Find the new article by Nadr El Hana, Senior Lecturer The Sorbonne Business School, Galina Kondrateva, Teacher-Researcher at EDC Paris Business School and Silvia L. Martin, Full Professor of Marketing at California State University!

Does digital marketing and advertising really take into account the environmental impact of their actions? If we look at performance indicators, we can see that the effectiveness of a campaign takes little account of this. When will there be a CO2 cost per 1,000?
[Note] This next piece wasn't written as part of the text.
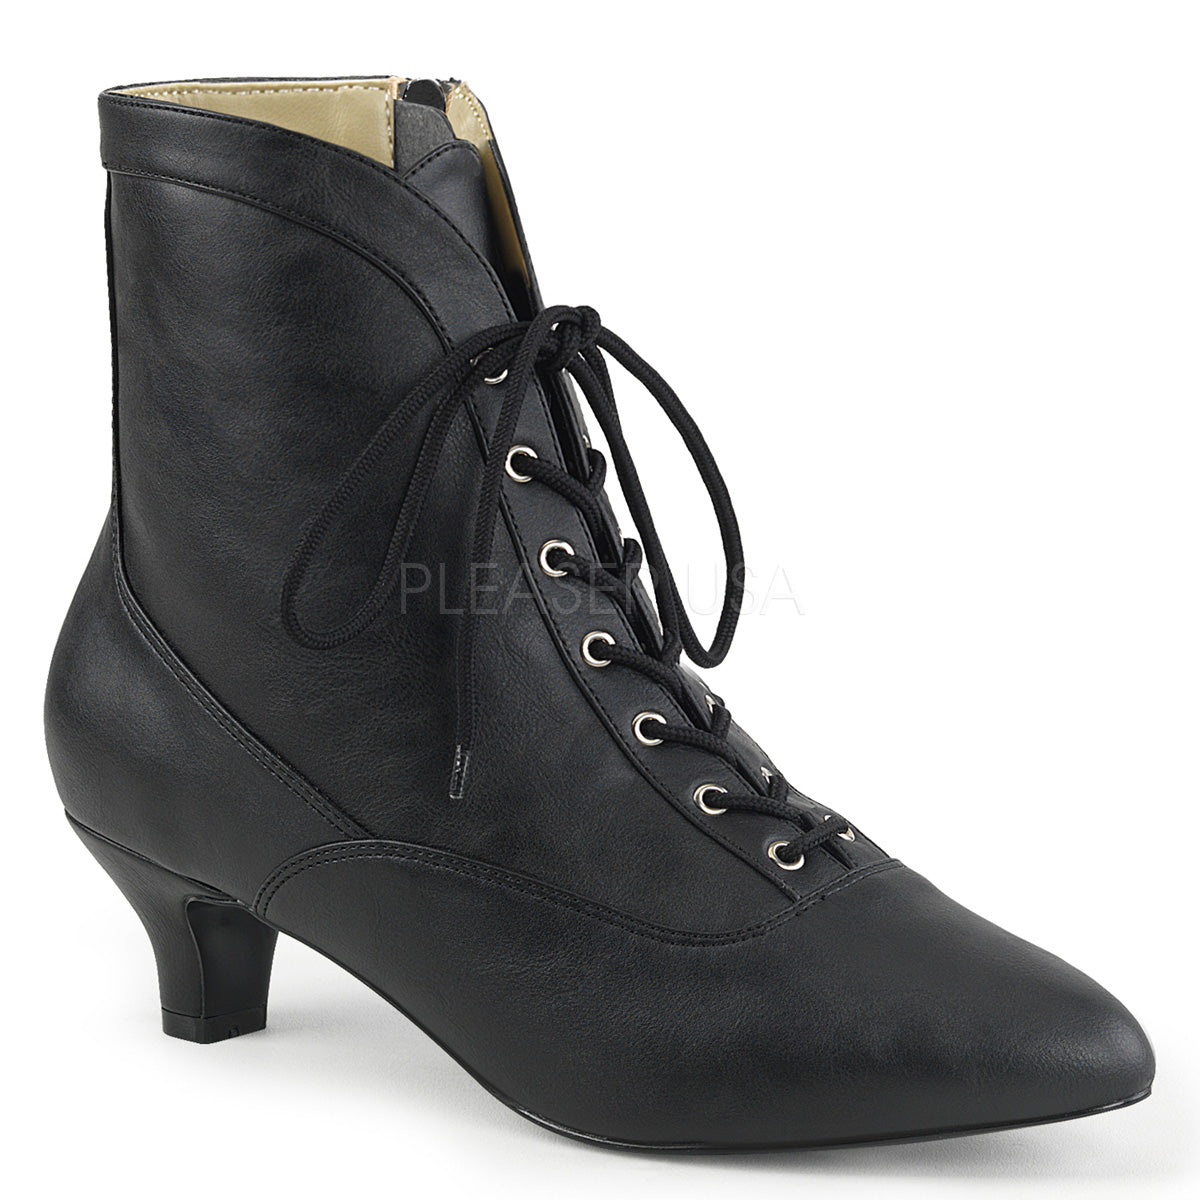 black boots 2 inch heel

In the world of digital marketing, performance indicators are well known: impressions, clicks, conversion rates or number of views. These "metrics" structure decision-making and guide brand strategies. But there's another, as yet little-known metric that's gaining in importance: the carbon footprint of digital campaigns. This phenomenon remains largely underestimated, even though digital today accounts for 4.4% of the national carbon footprint in France.
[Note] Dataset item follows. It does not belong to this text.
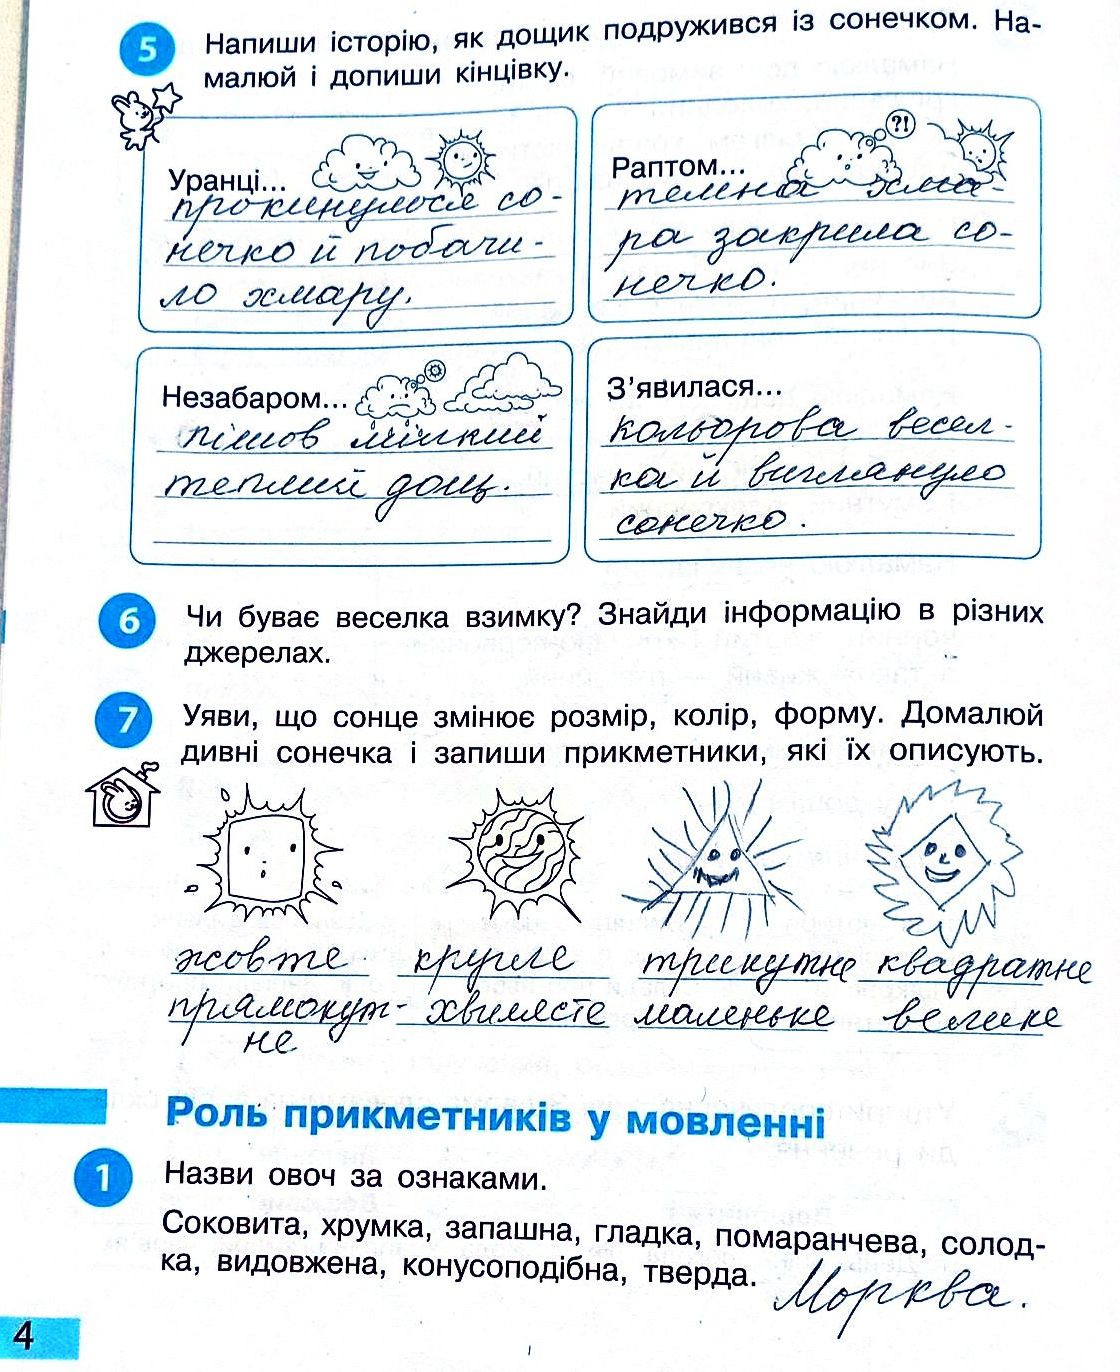 Сторінка 4 частина 2 гдз 3 клас робочий зошит українська мова Большакова

A 2022 study by Fifty-Five, the French firm specializing in data and digital marketing, quantified the impact of a standard campaign: up to 71 tons of CO2 emitted, equivalent to 35 round-trips from Paris to New York, or the annual carbon footprint of seven people. These emissions come not only from the distribution of content, but also from its production, hosting and consultation by end users.

An energy-intensive advertising channel

Not all digital formats have the same carbon footprint: videos, especially high-resolution or auto-play, are among the most energy-intensive. A 15-second spot broadcast on a cell phone consumes more energy than a static visual viewed with a wifi connection. Platforms also count: TikTok is proving to be more energy-hungry than YouTube or Facebook, due to the sheer volume of data and its intensive algorithms.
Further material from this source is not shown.